Understanding AI Risks
When considering the risks of deploying AI, you may already be thinking of using a widely used LLM, where the risk is minimal. In March 2024, Lex Friedman interviewed the CEO of OpenAI, Sam Altman, who claimed state actors are constantly trying to infiltrate AI models and expects the attacks to get worse over time. Below are just a few of the risks associated with AI models.
- Data Poisoning: Malicious alterations of training data can skew model outputs.
- Hallucinations: When large language models (LLMs), which power AI chatbots, create false information
- Model Theft: Unauthorized access and extraction of AI models can lead to intellectual property loss.
- Adversarial Attacks: Manipulated inputs can deceive AI models into making incorrect predictions.
- Weak Authentication and Authorization: Strengthening access controls to safeguard AI systems.
- Inadequate Sandboxing: Ensuring models run in isolated environments to limit damage from potential breaches.
- Insufficient Monitoring and Logging: Implementing robust monitoring to detect and respond to anomalies.
A recent research study for JFrog released in February 2024 found over 100 models on the popular machine-learning website Hugging Face contained malicious code. These models contain silent backdoors that can execute code upon loading, potentially compromising users’ systems. The backdoors, embedded in models through formats like pickle, grant attackers control over affected machines. Despite Hugging Face’s security measures, including malware and pickle scanning, these threats underscore the need for vigilant security practices in AI model handling and deployment. JFrog’s research emphasizes the ongoing risks and the importance of thorough scrutiny and protective measures. Companies can mitigate the risks associated with AI by:
- Scanning Models: Using open-source or commercial tools to identify vulnerabilities.

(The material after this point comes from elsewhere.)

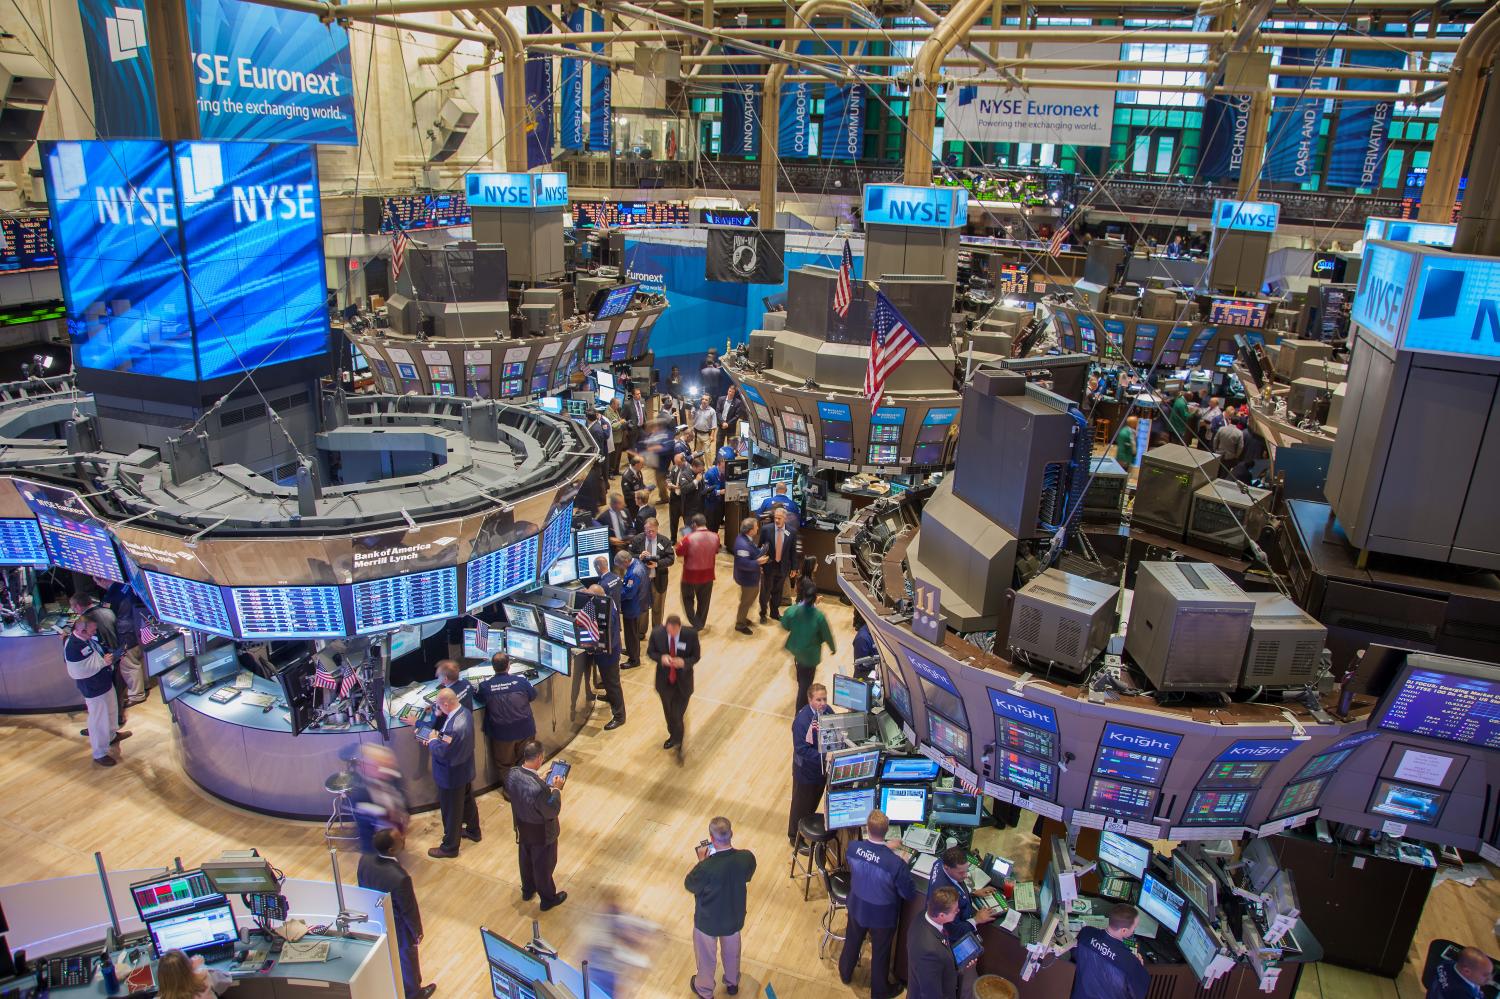 New York, New York, USA - Sept. 22, 2011 - Busy trading floor of the New York Stock Exchange

- Implementing Guardrails: Putting protective measures around the cloud environment to prevent unauthorized access and mitigate potential threats.
Before discussing the guardrails that can be implemented, let’s consider scanning models as a precursor to development.
Scanning Models
Before entering the development phase, it’s crucial to employ rigorous scanning techniques to detect vulnerabilities early on. Scanning models early in the software development lifecycle can help your organization mitigate the majority of the risk associated with using an open-source model.
There is a variety of free and commercial tools that can be used to scan Hugging Face models prior to development. One of the tools I like to use is Garak. Using Garak, you can simulate various adversarial scenarios, allowing you to assess and fortify your models against these attacks. By integrating Garak into your AI pipeline, you can ensure that your models are resilient and reliable, even in the face of sophisticated threats.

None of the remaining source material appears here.